An analysis of the 105 Caddo non-split precincts for the city by race and party registration shows why Tyler won a dominant 43 percent of the vote and Provenza edged out Williams for the runoff. For his fusionist coalition to succeed, Williams needed to come close to matching Tyler in black vote and do better than her among the white and Republican segments. He accomplished none of that: in the 21 precincts where at least 94 percent of the registrants were black, Tyler doubled up on his number with 60 percent of that vote, while among the five that were at least 94 percent white registration, she slightly better than doubled him up with 27 percent of that vote. For her part, Provenza got about 53 percent of the vote in the near-all-white precincts, but only 1 percent in the near-all-black precincts.
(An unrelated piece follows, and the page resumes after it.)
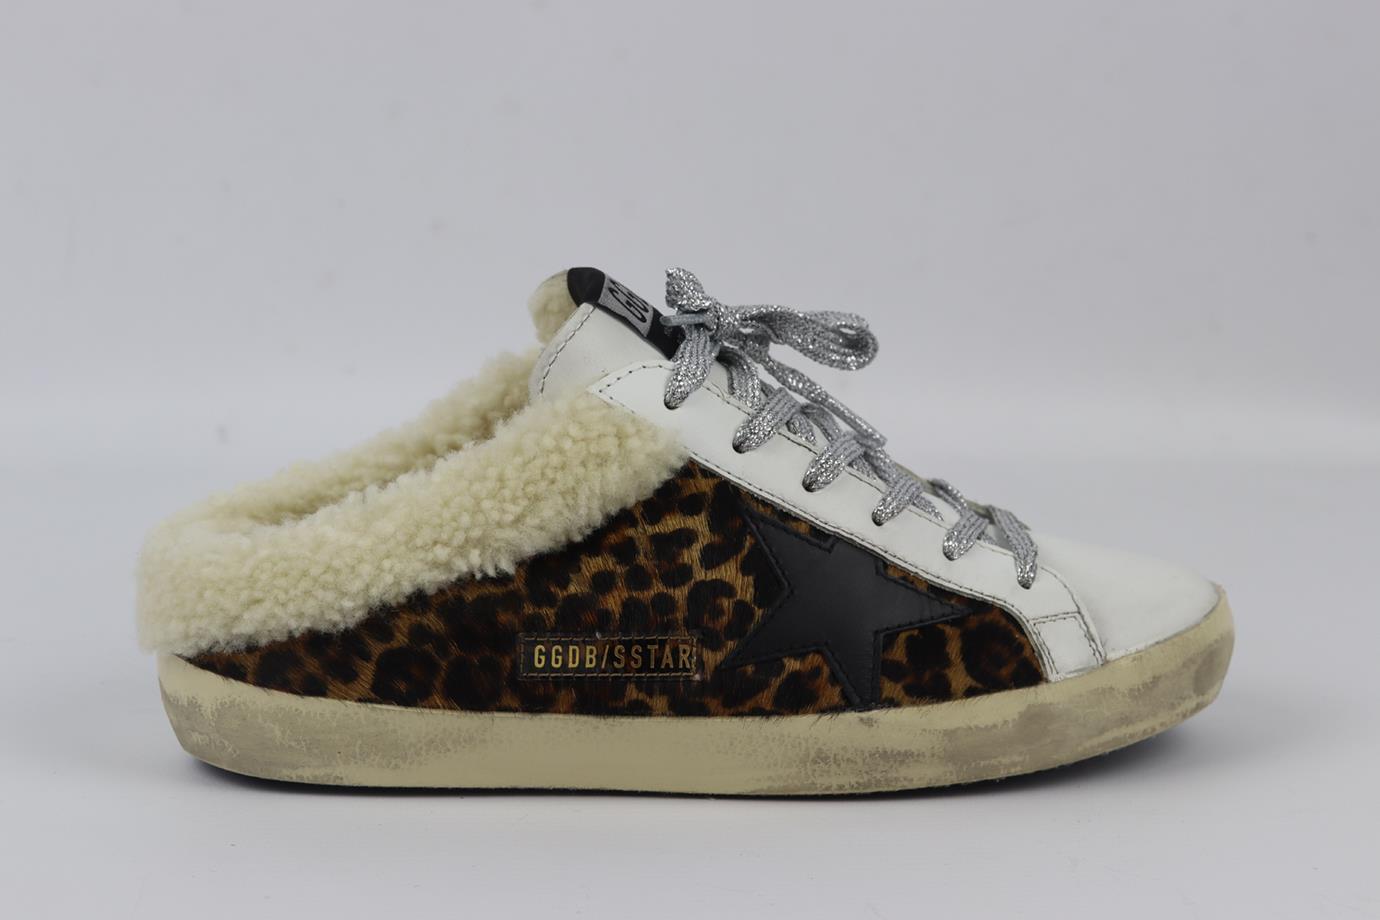 Golden Goose Deluxe Brand Sabot shearling lined shearling slip on sneakers. White, cream, brown, black and silver. Slips on. Does not come with dustbag or box. Size: EU 38 (UK 5, US 8). Insole: 9.75 in. Heel Height: 1.5 in. Very good condition -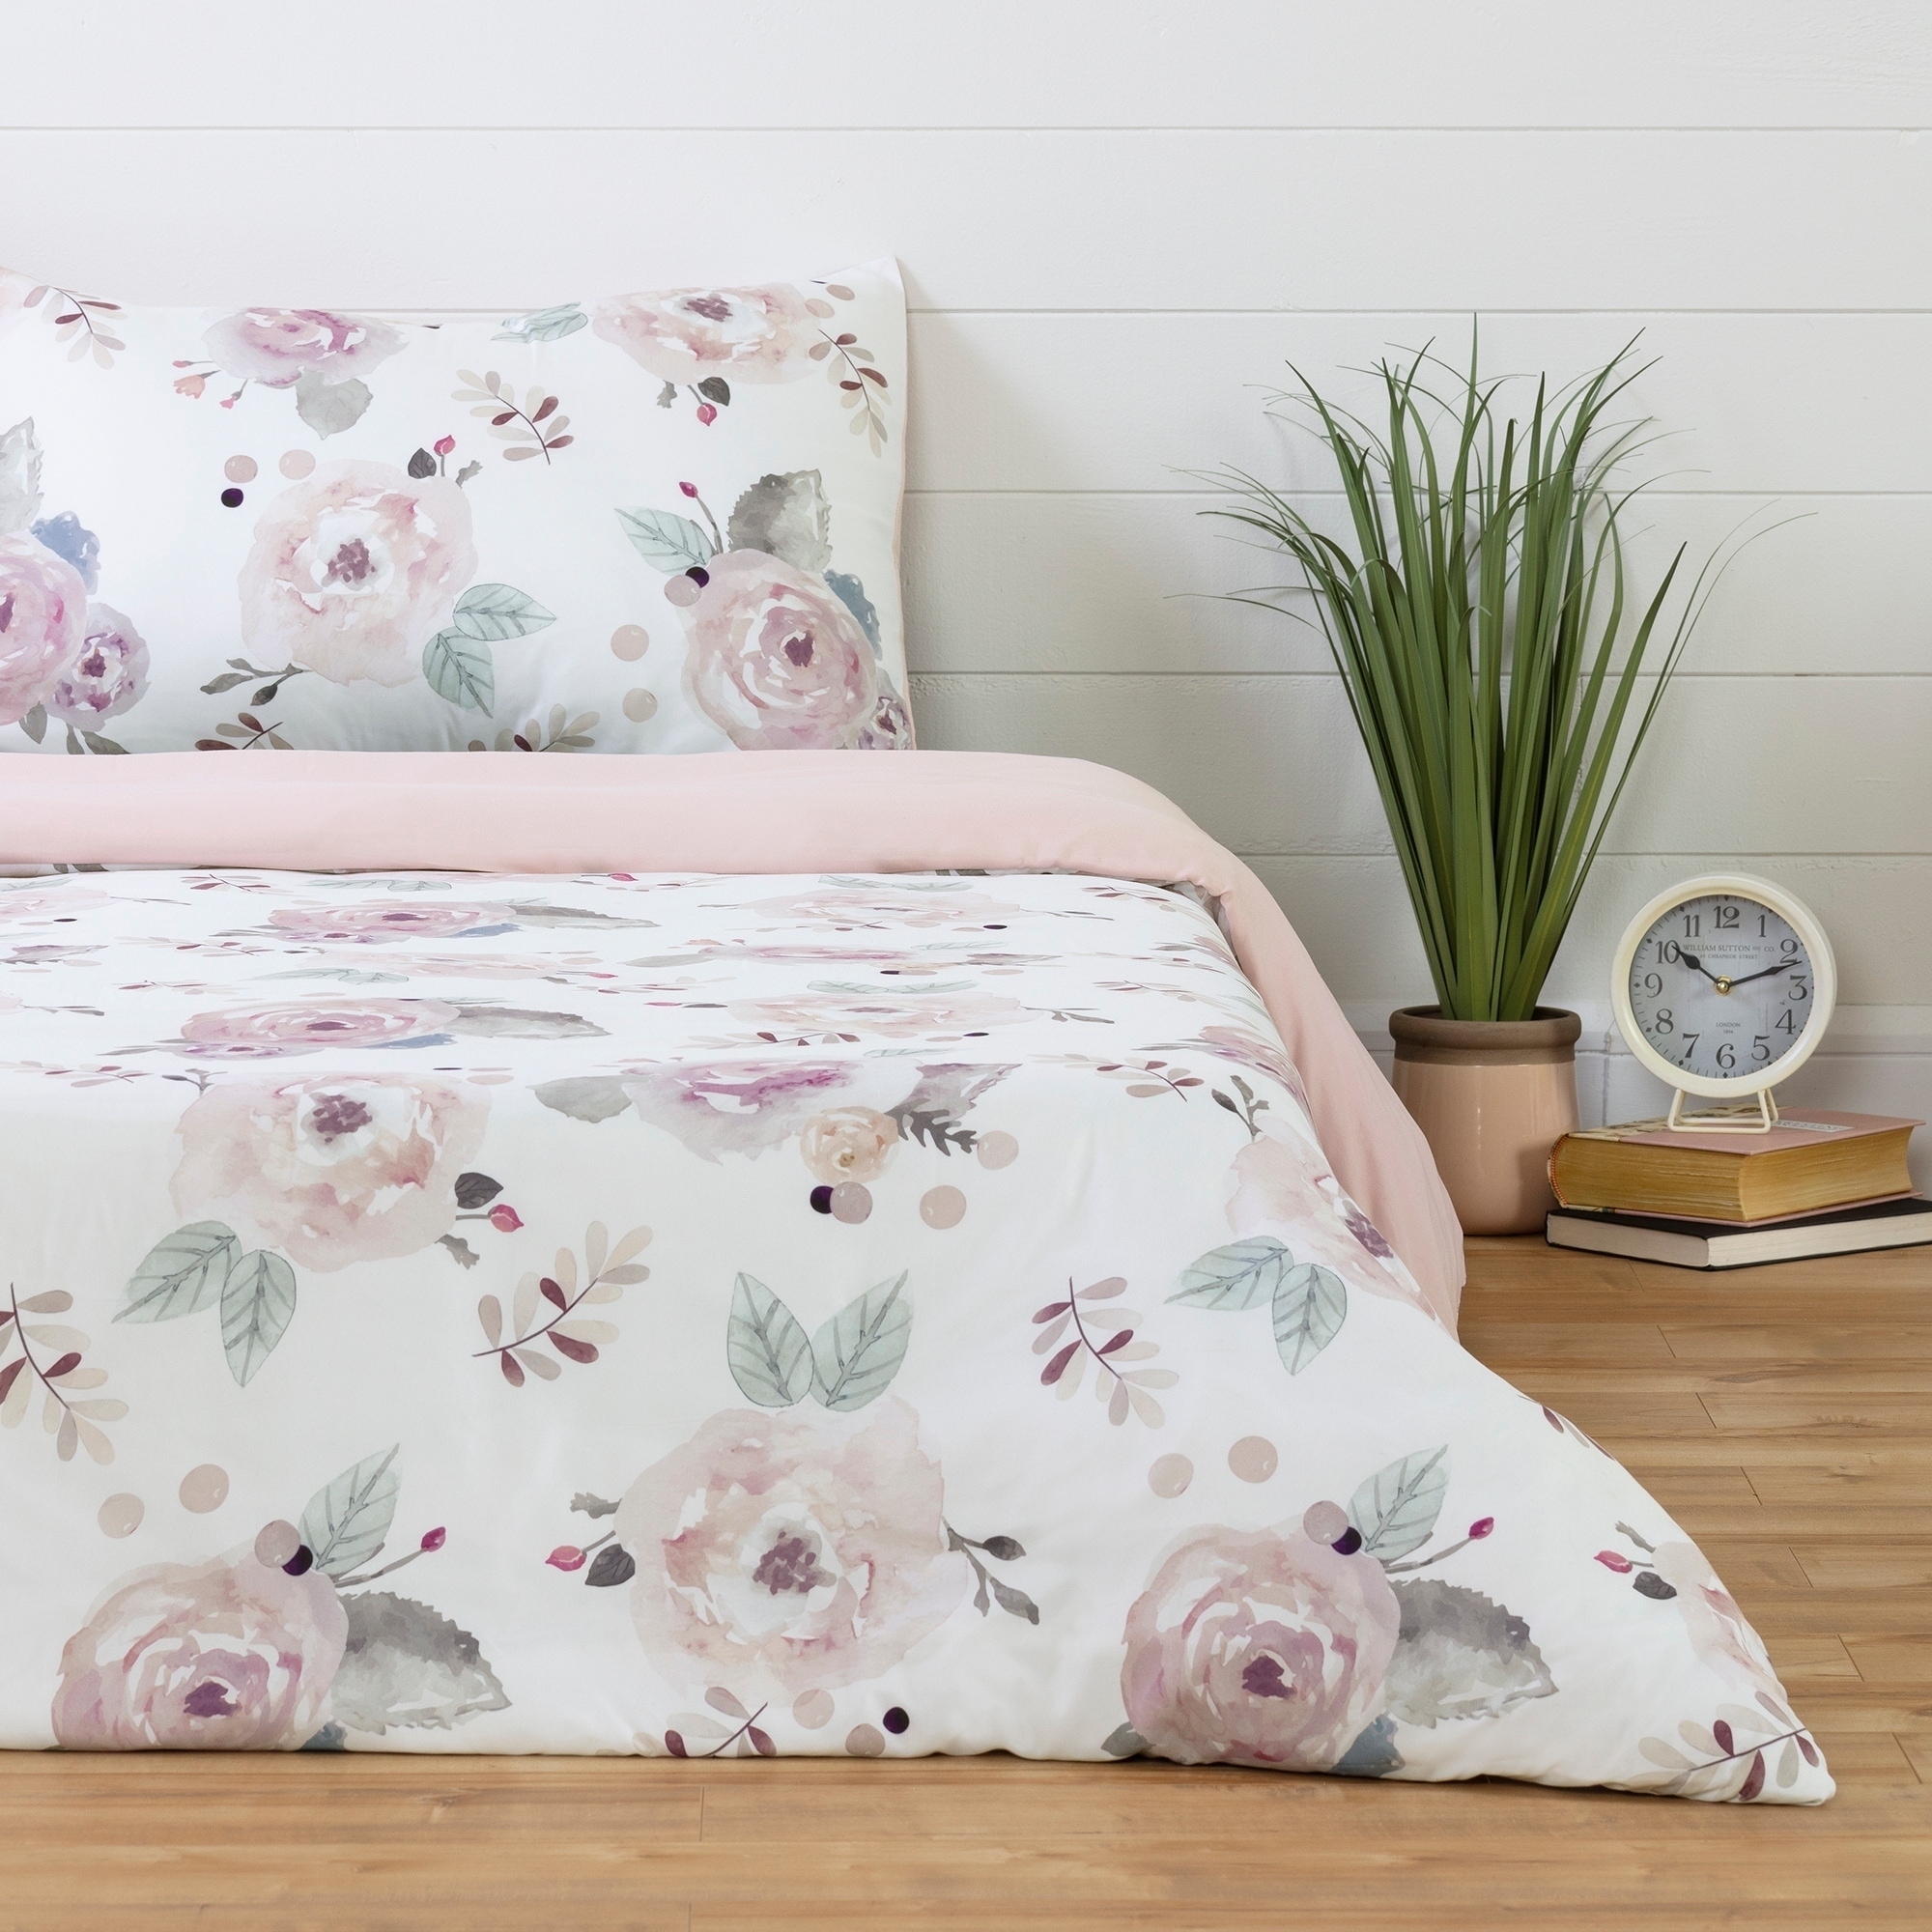 floral duvet covers king size

Analyzing proportion of the vote by proportions of white and black registrants and of Democrats and Republican registrants, the equations were the same for the Williams and Tyler votes: the lower the proportion of whites and the higher the proportion of Republicans, the higher the proportion of the vote each received – black and Democrat proportions where being split almost solely by them, so these exhibited no relationship with their vote proportions. These significant relationships are expected when a fusionist coalition is being built – except that Tyler did a better job of getting more such votes within and across the racial spectrum. In the final analysis, she proved to be the genuine fusionist candidate, which may have been telegraphed in the weeks leading up to the election by the patterns of donors to each campaign.

The analysis of Provenza’s vote showed her proportion varied with all four variables significantly, where by precinct that rose as did the proportions of whites and blacks and where the proportions of Democrats and Republicans fell. Keeping in mind each of these relationships is observed holding the other three factors constant, this means she tended to get disproportionately those less attached to the major political parties, including white Democrats who normally vote Republican, and from other races. It appears many Republicans threw in their lots with Tyler or Williams, especially the former.

Which signals that Tyler serves as the prohibitive favorite in the December runoff. Already besting Provenza by 18 points in the general election, she is likely to go well over 60 percent by winning almost every black vote and a noticeable chunk of the white vote. Whether the latter will be higher than in the general election is uncertain – chances are turnout won’t be too much lower given the heated U.S. Senate contest at the top of the ballot, but Williams’ white and Republican support might be too disillusioned to support his main rival in a runoff – but it should be more than adequate to carry her to victory.

One truism did prevail in this campaign: the candidate that did the best job of constructing a fusionist grouping would win. Tyler looks likely to turn out to be that candidate.

1 comment:

Anonymous said...

Jeff, an excellent analysis! I was surprised to see Ollie Tyler's number of votes in Broadmoor's precincts. You are right on with Tyler getting 60% or more of the vote in the Dec. 6 run-off. Bet Victoria Provenza is already planning her return to Colorado.